There is a lot of detail on the connection and derivability of MLE from Bayes' Theorem that we will not cover here. It is just important to know that Bayes' Theorem is the root of probabilistic inference of a model.

We can further visualize this process here:

![alt text](bayes_space.png "Title")

## Notation
### Probability 
Throughout, we will use some notation to describe data, distributions and probability. 

We begin with a probability:

$$ \pi(x) $$

which denote the probability of $x$. We define a conditional probability as:

$$\pi(x | y)$$

to be the probability of $x$ *given* $y$.

### Distributions

Often, we want to talk about the distribution of a quantity. We will use a short hand that is useful for **probabilistic programming languages** (PPLs) which we will discuss shortly. When we want to say $x$ is distributed as a Normal distribution, we write:

$$ x \sim \mathcal{N}(\mu, \sigma) \Leftrightarrow \pi(x | \mu, \sigma)$$.

 Other distributions are written the same way. For example, if $y$ is uniformly distributed:
 
 $$ y \sim \mathcal{U}(a,b)$$
 
 ### DAGs
 
 In many cases, it is easier to right a model as a directed graph. We will not make too much use of this in our work here, but it is important to be aware of them. Say we have observed data $\hat{x}$ which are generated by some latent process $x = f(\mu)$ with a prior over $\mu$. We could write this as 
 
 

In [2]:
 pgm = daft.PGM((3.7, 0.7), origin=(0.15, 0.15))

pgm.add_node(daft.Node("mu", r"$\mu$", 0.5, 0.5))
pgm.add_node(daft.Node("x", r"$x$", 1.5, 0.5))
pgm.add_node(daft.Node("xhat", r"$\hat{x}$", 2.5, 0.5,observed=True))

pgm.add_edge("mu", "x")
pgm.add_edge("x", "xhat")

pgm.render()

<IPython.core.display.Javascript object>

<matplotlib.axes._axes.Axes at 0x104528cc0>

# Fitting a line

One of the most commonly encountered issues in astronomy is linear regression. We have some measured data $\hat{y}$ occurring at the values $\hat{x}$ and we wish to estimate the linear prediction for all the $x$ and $y$ to form a relation. Thus, we want to know,


$$y = m\cdot x + b$$

This is simple enough. However, this can be done very very improperly if care is not taken. First, let's talk about the **generative model** that can produce such a relation. Indeed, this can take on many forms and any one approach can not easily be generalized. We seek to formalize the problem here **under a given set of assumptions**. In the end, this is all we can do in science. 

## The generative model

Suppose we have have a model that has a linear relationship between the $x$ and $y$. Thus, for each $x_{\rm true}$, there is a value:

$$y_{\rm true} = m \cdot x_{\rm true} + b$$.

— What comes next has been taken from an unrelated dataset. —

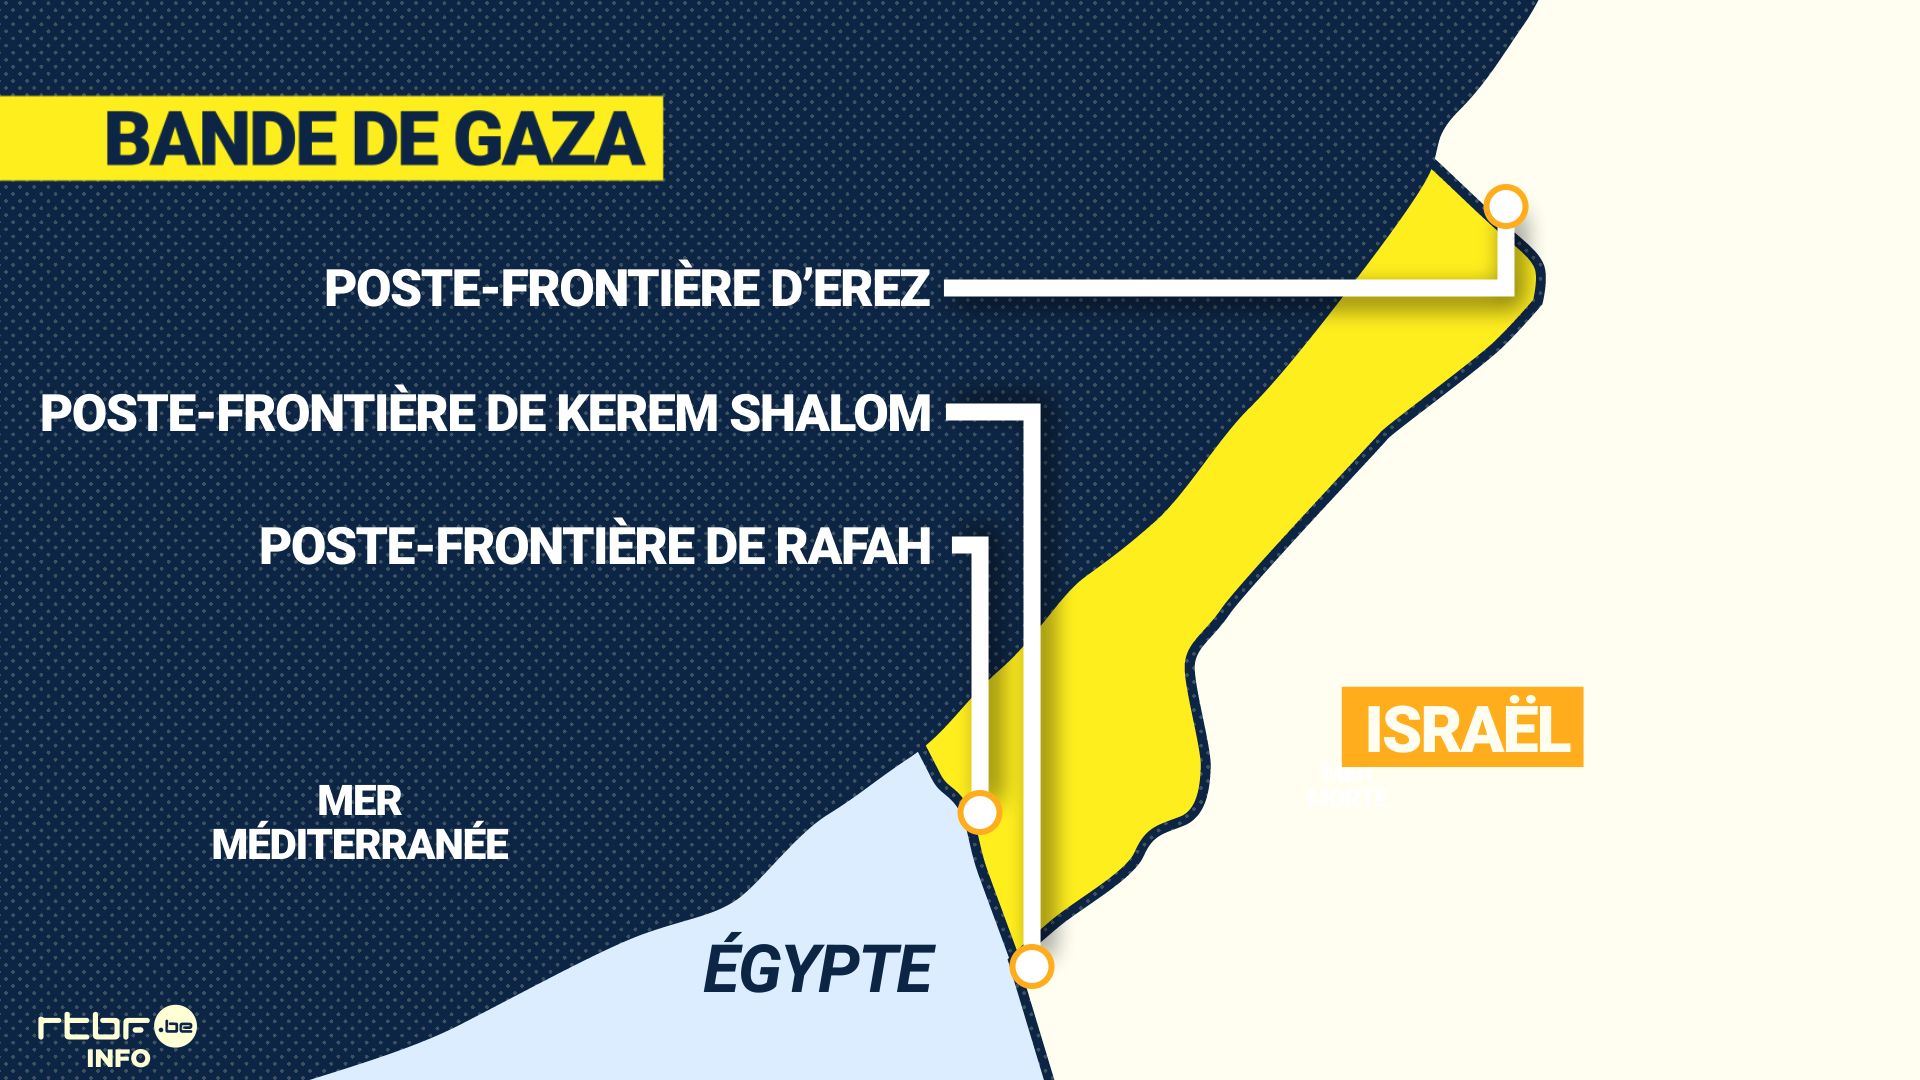 Israël contrôle tout ce qui rentre et sort de la Bande de Gaza. Il y a trois points de passage : Erez au nord, Kerem Shalom au sud et le poste-frontière de Rafah qui se situe entre l’Egypte et la Bande Gaza.

For the moment, we do not consider that $x$ is measured with any error. Thus we can write $x = x_{\rm true}$. However, the measurement process introduces an inability to observe $y_{\rm true}$ directly. We can now specify the probabilistic form of this measurement process or **observation model**. Let's assume that when we take a measurement of $y$, we sample that value from a normal distribution. Thus,

$$\hat{y} \sim \mathcal{N}(y_{\rm true}, \sigma)$$ = $$\hat{y} \sim \mathcal{N}(mx +b, \sigma)$$.

Here, $\sigma$ is our *homoscedastic* error on the measurement. \


Let's code up this process to get a feeling for how this works.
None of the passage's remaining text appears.